In the lobby the attendant did not look up, seemed in fact to make a point of looking down, as she rushed past. She had to pee, so much so she thought she might wet herself there on the street. That was all she thought about, driving back home. How much she needed to pee, how the need stuck like a spear through her brain and her crotch and drove out every other sensation. The next day, she spent close to four hours and two hundred dollars in “talking” it out with a Listener and forming a Plan—several Plans—but the Plans contradicted each other, as did the desires and emotions each meant to process and fulfill. How to talk to her father and how never to talk to her father. How to confront Robert Lord and how to forget Robert Lord. How to demand her answer and how to stop asking or wanting to ask. Obsessed, Claire spent far too much money and earned too many Loyalty Stars. Attempting to wean herself from that habit, she then formed the less costly but in certain ways equally costly habit of constantly checking the school’s Facebook page. In Robert Lord’s frequent appearances there, she sought clues as to what she should do. None of these were decisive and so she did nothing. Three years passed. Many school milestones were posted. One was the death of the school’s longest-serving staff member, secretary Velva Wilson. One was the death of the school’s longest-serving faculty member, Theatre Program founder Robert Lord. Claire went to his tribute and learned nothing new.

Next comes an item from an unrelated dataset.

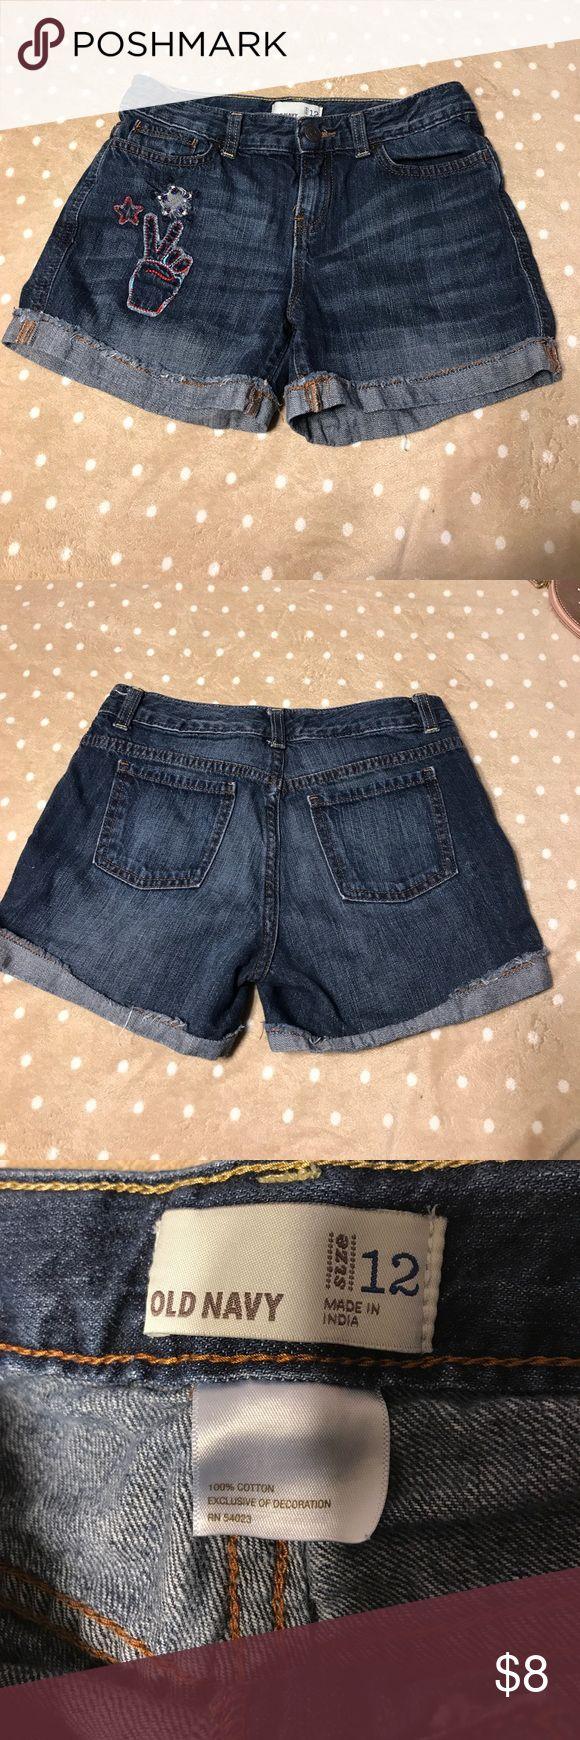 OLD NAVY SHORTS (peace sign) Girls old navy shorts. Old Navy Bottoms Shorts

When a subsequent Facebook announcement explained that the decision to rename the school the Robert Lord School for the Arts had been reversed due to “a credible allegation of sexual abuse from a former student,” Claire finally unfollowed the school’s social media pages.

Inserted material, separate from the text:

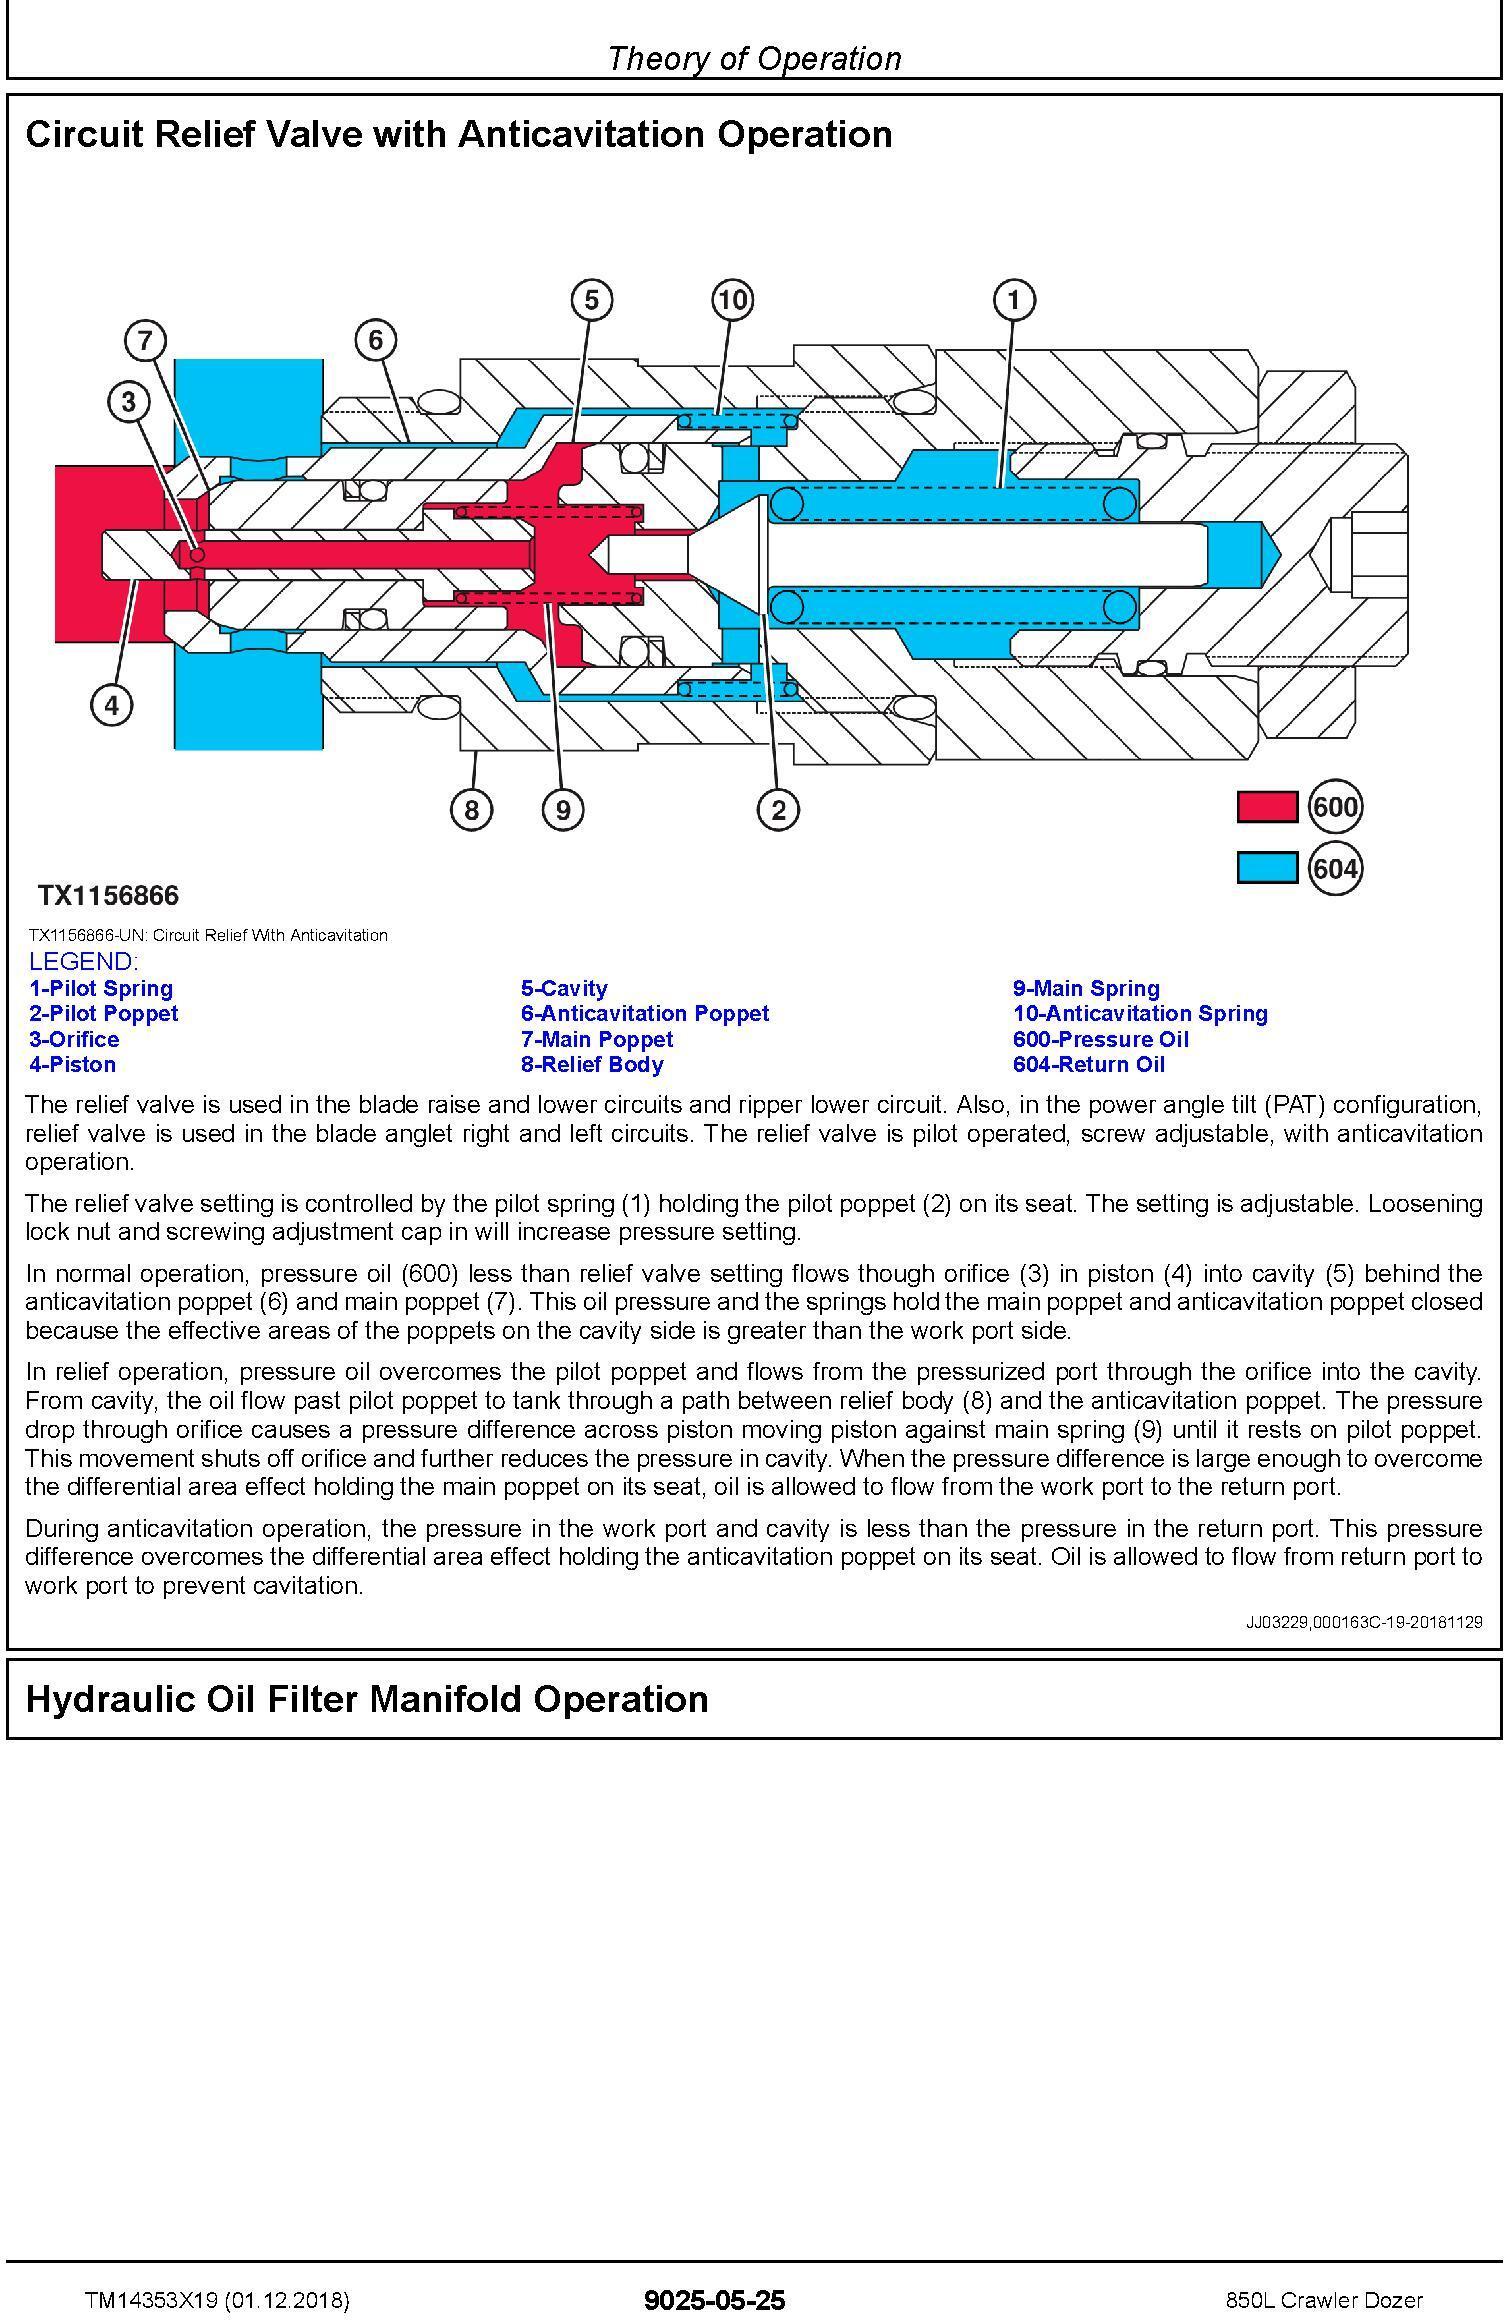 John Deere 850L Crawler Dozer Operation & Test Technical Manual (TM14353X19) - 3

BUT BEFORE THAT, the day she’d stood sightlessly grasping the comedy/tragedy mask in the hot parking lot—

—at last she understood she must retrace her steps, and going back in and down the main hall, she reentered the office, where it seemed everyone had gone out for their lunch but a dumpy and aged old woman who hadn’t been there before. “Just returning this,” Claire said, proffering the guest pass. The woman jerked back as if frightened.

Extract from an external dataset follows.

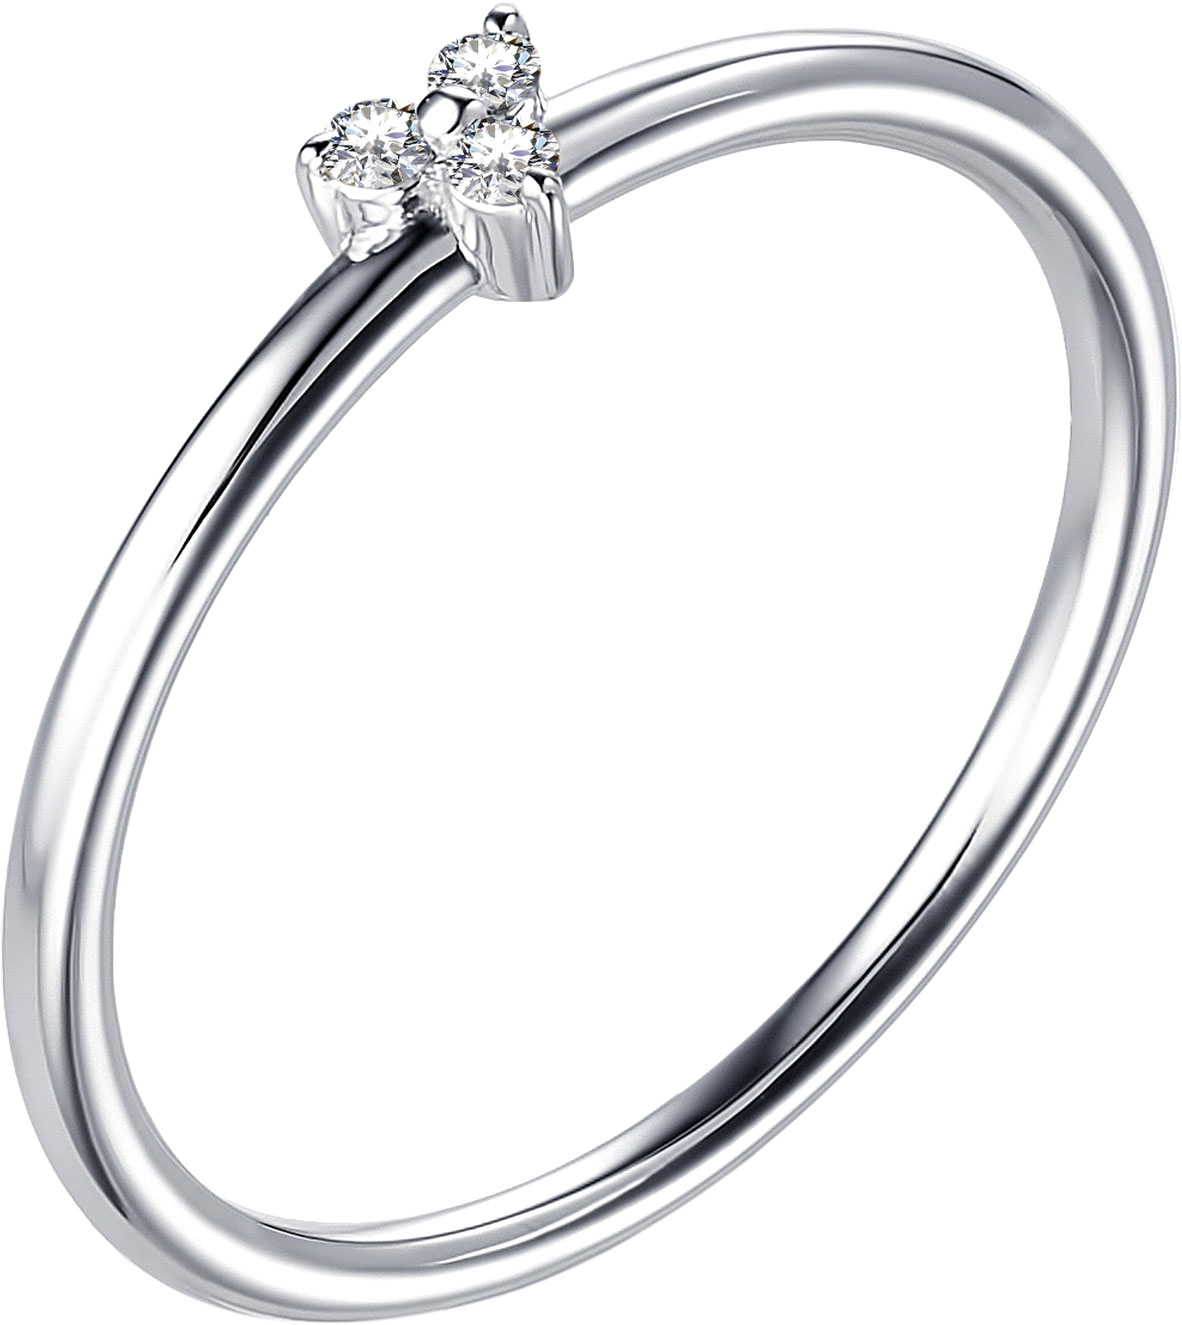 Кольца Алькор 13262-200

“My God,” said the woman, whose name tag read “Velva.” “Sweet Jesus. Come closer to me.”

As if in a dream Claire stepped close and the old woman hauled herself onto her feet. She reached a leathery hand to Claire’s cheek. “Why, you must be more than twenty years old.” Her breathy wonder repulsed Claire, frozen under her touch.

“Twenty-five.”

“That’s right,” said Velva in triumph. She sank back in her chair, her gaze feasting on Claire. “What did they name you, sweetheart?”

It was such a strange question! “I’m Claire,” Claire said brusquely and dropping the pass on the desktop went out, the right way this time, to the parking lot holding her car, the door and the key and the pedals of which she attacked with more force than required, leaving the gray stones of that building so far in her wake that it was only when the building was gone, the people she’d met in it dead, Robert Lord’s name given then taken away from the fancy new building expressing his vision that she understood why that old woman had stared in that way all those years ago now.

Are we still recognized if seen by the wrong eyes?

But by then it was too late to go back and say, “Tell me her name.”